Conservation Issues

Conservation

WWF has been supporting conservation activities in eastern and southern Africa since the early 1960s. However, the approach has shifted over the years from financing of isolated projects, supporting flagship species protection and protected areas work (mostly executed by other conservation organisations) to ecosystem-based, landscape-level investments and an integrated view of conservation.

As WWF’s influence and conservation delivery has grown over the years, it has established itself as one of the key sub-regional players with major engagements and partnerships involving government agencies, regional bodies, UN agencies and local communities.

The region is subject to a number of threats to conservation and livelihoods. The root causes of these threats include human population increase, globalisation and market forces including inappropriate foreign direct investment, poverty, weak institutional capacity and poor governance (both natural resource management and overall).

The impact of these threats and drivers to the sustainable production of ecosystem goods and services is immense.
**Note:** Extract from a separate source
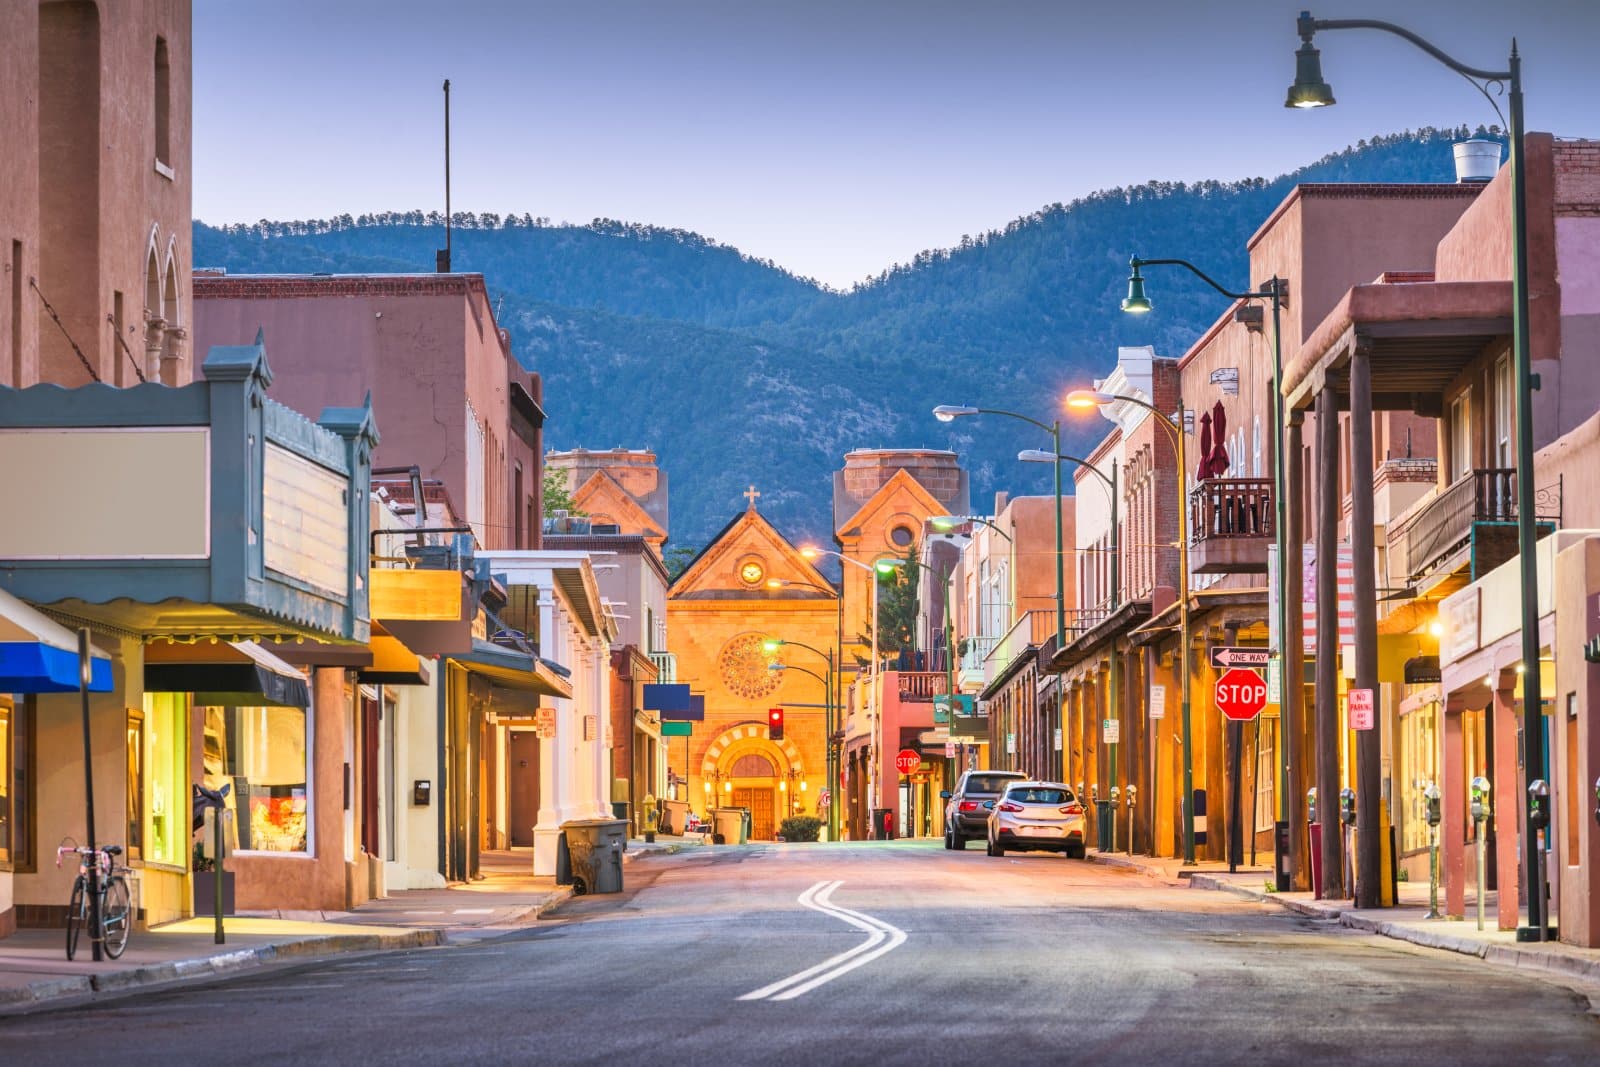 <p><span>New Mexico’s population decline is driven by factors such as limited economic opportunities, high poverty rates, and concerns about crime and public safety, prompting residents to explore new opportunities elsewhere.</span></p>

A loss of forest biodiversity, for example, is characterised by altered forest ecosystem structure, composition and functioning. This makes it vulnerable to soil erosion and increased siltation, altered climate regimes and severe loss of species and habitats. A decrease in forest cover has had devastating effects on lake systems. This has been characterised by decline in water availability for domestic and industrial use and in the quality of water downstream.

Eventually, the impact is magnified to include increased resource-use conflicts and high cost of energy.